Potential of Biogenic Plant-Mediated Iron and Iron Oxide Nanoparticles and Their Utility

Abstract

Plant nanobionics is a new field of science or bioengineering in which nanostructured material is inserted into living plant cells, in turn changing the functioning of the plant tissue or organelle; in other words, plant nanobionics describes superpowered plants, including plants that can detect explosives at extreme temperatures, plants that can detect heavy metals in vegetables and fruits, an array of wild-type plants capable of imaging objects in their environment, self-powered light sources, infrared communication devices, and self-powered nanosensors to detect toxicants/pathogens.

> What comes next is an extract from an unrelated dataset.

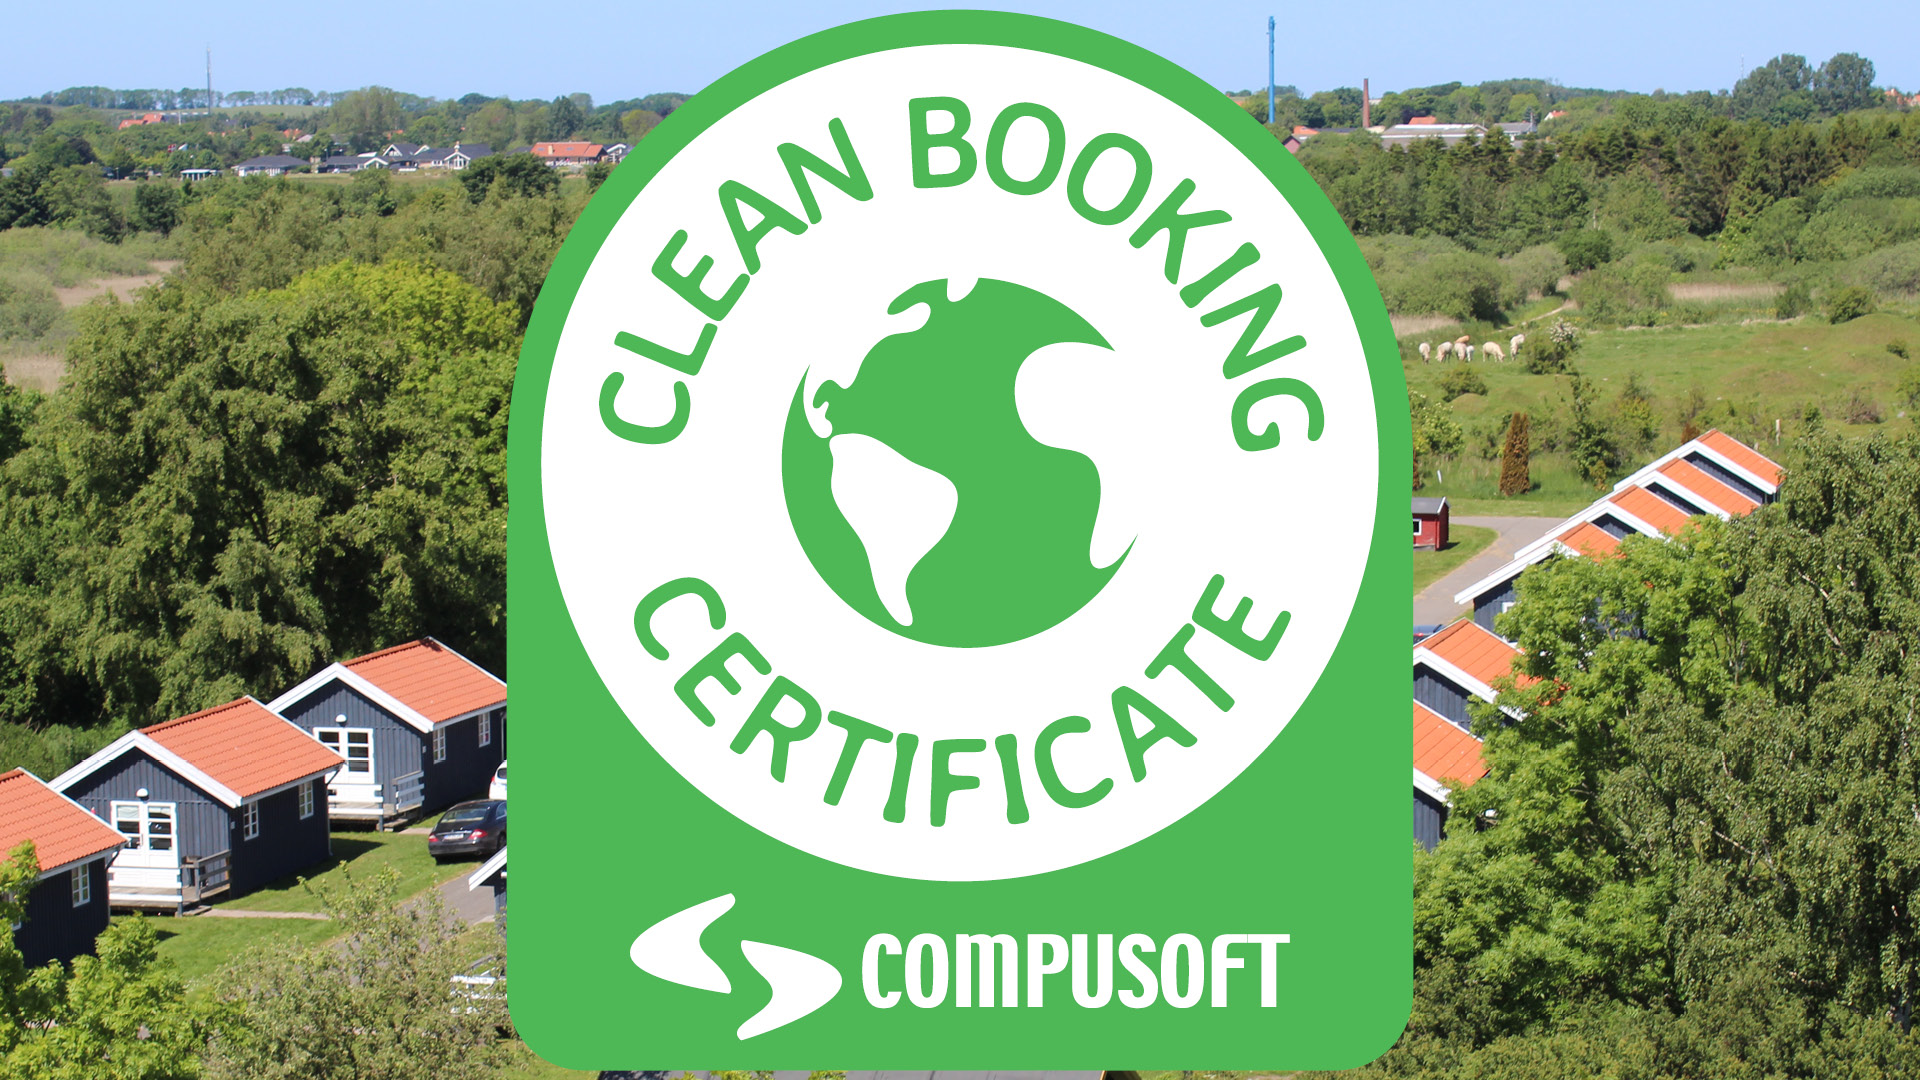 sommmerlandsj-sommerland-sjaelland-forlystelsespark-odsherred-miljoe-baeredygtighed-energibesparelse-miljoemaerkning-gron-profil-clean-booking-certificate-compusoft.jpg

Genetic or structural modifications of plants may also make them capable of detecting pollutants, i.e., for bioremediation. Biogenic synthesis and applications of coated and uncoated iron and iron oxide nanoparticles have been established. The magnetic properties of both types of nanoparticles have been used in the treatment of cancer, in drug delivery, as magnetic resonance imaging agents, for catalysis, for detection of toxicants/pollutants, and for removal of pesticides from potable water. Polymer-coated iron and iron oxide nanoparticles have good biocompatibility and slow release, and are effective and long lasting. The biological efficacy of both types of nanoparticles is dependent on their shape, size, and orientation, as well as their concentration.